Cd uptake by rice was affected by soil pH value,CEC, organic matter and ionic interaction, while soil pH value was one of the main factors affecting of Cd availability. The higher the soil pH value,the weaker the activity of Cd in soil. The results showed that the application of XFJ organic fertilizer and LXM calcium-and silicon-based passivator could increase the soil pH value and reduce the available Cd content in soil. This was because a large amount of ammonium ions would be produced after the application of organic fertilizer so that the soil pH value increased. At the same time, the application of organic fertilizer could increase the organic matter content in soil, the functional groups in organic matter,such as carboxyl and phenolic hydroxyl groups, could effectively adsorb CD in soil and thereby the available Cd content in soil decreased. After adding calciumand silicon-based passivators, because they were rich in alkaline metal compounds such as Ca and Si,they released a large number of hydroxyl ions under hydrolysis, which can improve the soil pH value. Moreover, there was adsorption between Si and Cd, which can form silicon-cadmium polymer, so as to reduce the available Cd content in soil. These two remediation agents can reduce the available Cd content in soil by relying on their own nutrient elements or by increasing soil pH value. The soil pH value decreased significantly after the application of SMA microbial inoculant, because the growth and reproduction of acid producing bacteria led to the accumulation of organic and inorganic acids.Therefore, the available Cd content in SMA1 and SMA3 treatment increased, while the reason why the available Cd content decreased rather than increase in SMA2 treatment needed to be further studied.

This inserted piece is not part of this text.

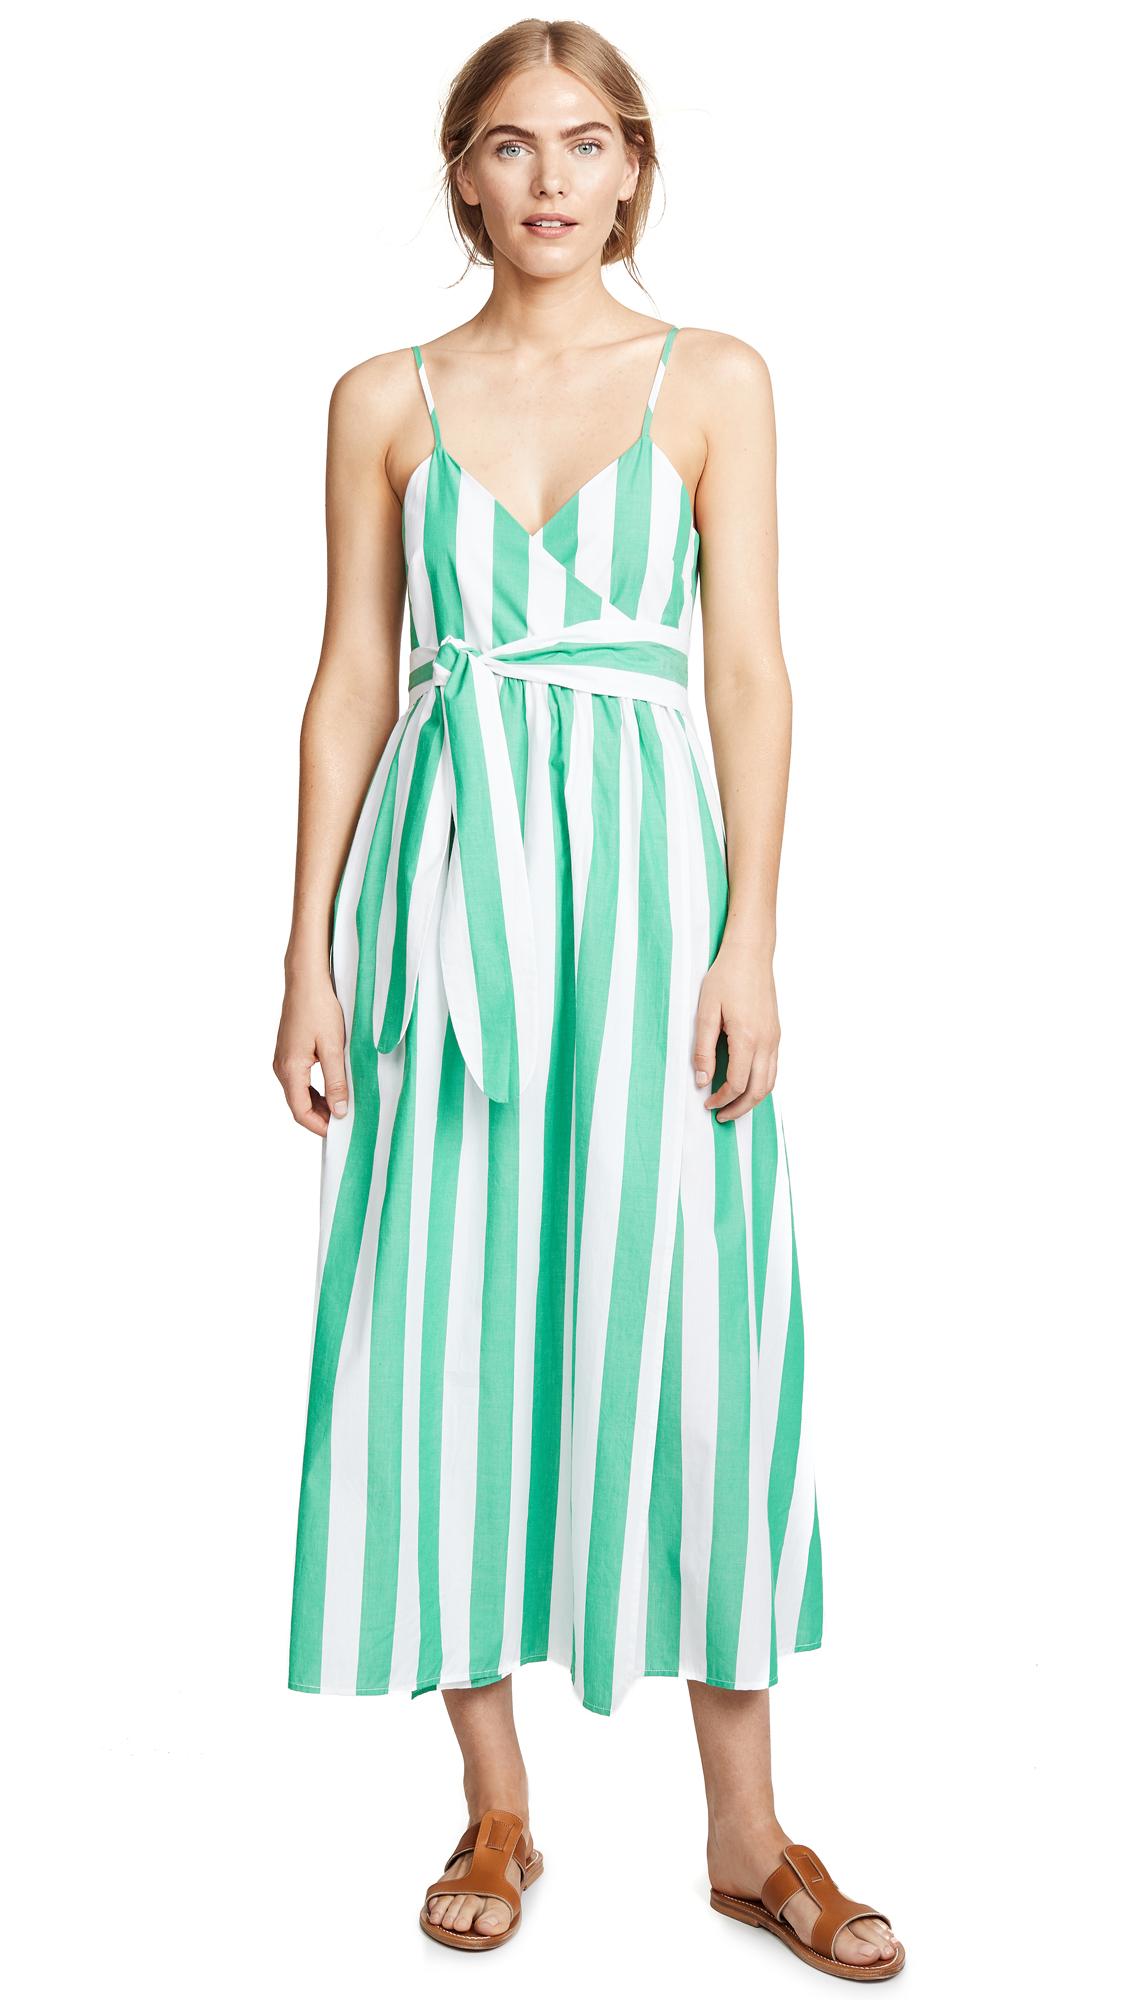 Mara Hoffman Alma Dress - Bungalow Stripe

There were two ways to reduce the Cd content in brown rice. One was making the bio-availability in soil decrease and another one was preventing rice’s organs from transporting Cd to grains. The main components of 4 remediation agents used in this test contained Ca and Si. There was competition between Ca and Cd, and this competition was not only reflected in the root cell membrane, but also in the transporters in rice, which reduced the absorption of Cd by rice.Si could form silicon-cadmium complex oxide with Cd in plants, inhibited the transport of Cd from rice to aboveground, and reduced the Cd content in brown rice. In this experiment, the application of 4 remediation agents had no significant effect on the available Cd content in soil, whereas significantly reduced the Cd content in brown rice. It may be attributed to that the application of remediation agents inhibited the absorption and transport of Cd in rice,nevertheless, this needs to be confirmed by further research.

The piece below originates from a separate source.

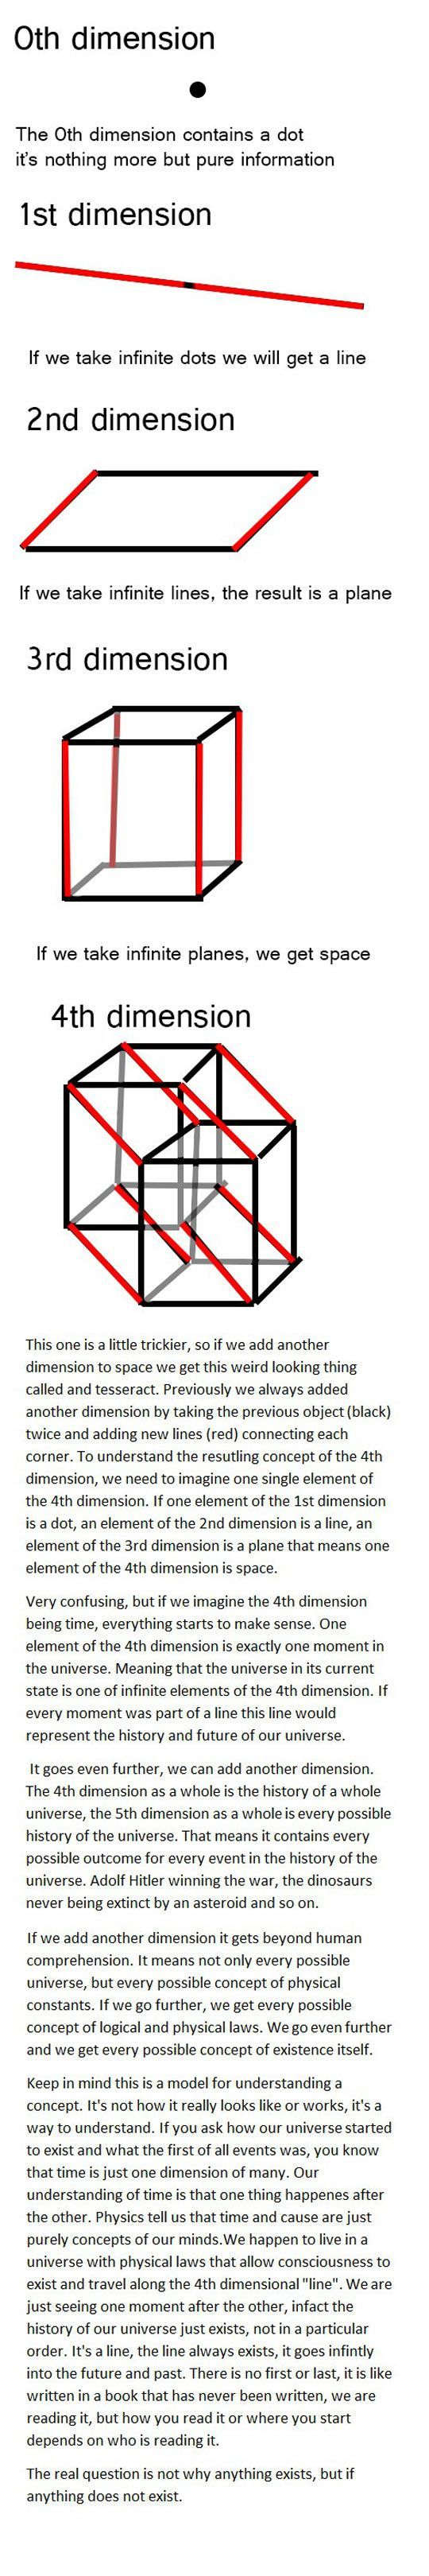 163 best Mathe und Studium images on Pinterest | Gym, Knowledge and ...

LXM calcium-and silicon-based passivator(available silicon≥15%; available calcium≥40%) had the best resistance and control effect on Cd in brown rice, and the Cd content in brown rice decreased with the increase of application amount. The Cd content in brown rice with 6 000 kg/kmLXM calcium-and silicon-based passivator was the smallest, whereas it did not reached the safe edible national standard. On the one hand, the test site was a Cd heavily polluted area. On the other hand, the use of remediation agents to reduce Cd to a certain extent could not be achieved overnight, and it needed to be applied for many years to achieve the ideal effect. The physical and chemical properties of soil were significantly improved by applying the remediation agents, and the contents of soil organic matter and trace elements such as calcium and silicon increased, which was conducive to the normal growth and development of rice.

A suitable remediation agent can not only reduce the Cd content in brown rice, but also have no negative impact on the growth and yield of rice.The results showed that the application of 4 kinds of remediation agents could reduce the Cd content in brown rice, especially the application of 6 000 kg/hmLXM calcium-and silicon-based passivator had the best effect on reducing Cd in brown rice and increasing rice yield.